Take the case of JPMorgan.

JPMorgan’s COiN (Contract Intelligence) platform uses NLP to automatically extract over 150 attributes from commercial loan agreements: clause types, payment terms, covenant language, counterparty names, obligation dates, and collateral details.

What previously required 360,000 hours of manual review annually is now processed in seconds, across 12,000 commercial credit agreements per year!

JP Morgan COIN: A Bank’s Side Project Spells Disruption for the Legal Industry article headline

Source: Harvard Business School

For procurement and supply chain teams, entity extraction from news feeds and regulatory filings catches risk signals early. 

  • A supplier mentioned in a sanctions update
  • A logistics partner flagged in a financial filing
  • A manufacturer appearing in a negative press cluster

These signals exist in text long before they show up in any structured database.
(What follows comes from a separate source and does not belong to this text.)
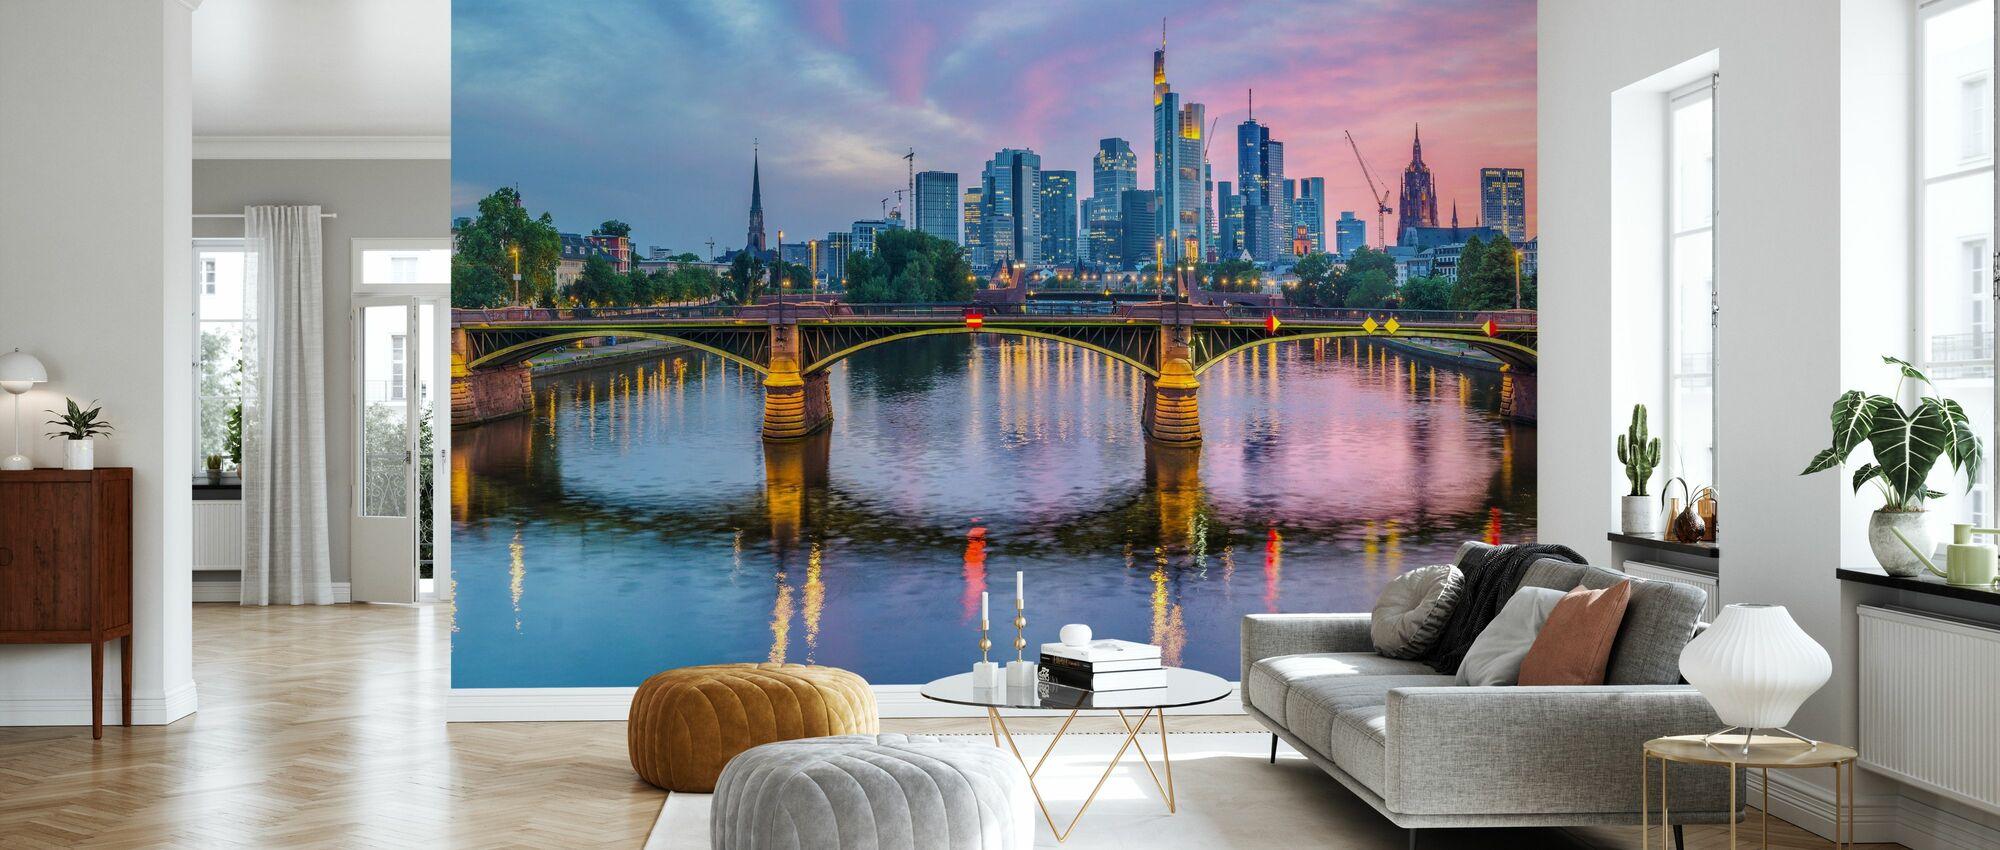 Skyline Frankfurt at Sunset - Wallpaper - Living Room

But here is an important thing to remember: entity extraction is only as good as the model’s training data and the clarity of the source text. 

Ambiguous language, domain-specific jargon, and inconsistent formatting all create classification errors, which we discuss in detail below. 

Categorization

Data categorization is the process of assigning records, companies, products, transactions, or any other entity to a structured, agreed-upon set of categories.

It basically helps create a shared vocabulary that makes data comparable across systems, teams, and time.

But the absence of it creates more downstream problems than most organizations realize.

A 2025 Planning Insights Report cited by Precisely found that 67% of organizations say they don’t completely trust their data to guide decisions. A big part of that distrust comes from inconsistent or absent categorization. 

2025 Planning Insights Report cited by Precisely statistic

Illustration: Veridion / Data: Precisely

But on the flip side, when data categorization is done with due care, it can fundamentally change how businesses operate. 

Walmart is an excellent example here.

The company improved product discovery across its catalog of 400+ million SKUs by strengthening how products were categorized and linked to the right product types. 

Using its AI-powered system, Ghotok, Walmart combined predictive and generative AI to identify accurate relationships between categories and products, reducing data misclassification at scale. 

Predictive and generative AI recommendation workflow

Source: Walmart Global Tech Blog

This helped surface more relevant products to shoppers, improved search precision, and created a smoother online shopping experience while efficiently managing millions of catalog relationships.

Conclusion

Data enrichment is not a one-time project

Appending external data, building smarter segments, deriving meaningful attributes, normalizing through manipulation, extracting entities from text, and maintaining consistent categorization–each solves a specific problem. 

Together, they turn an incomplete dataset into something a business can actually build on.

The organizations that get this right spend less time correcting data errors and more time acting on real insight. That efficiency gain compounds across every decision. 

Start with the technique most relevant to your current gaps, and build from there.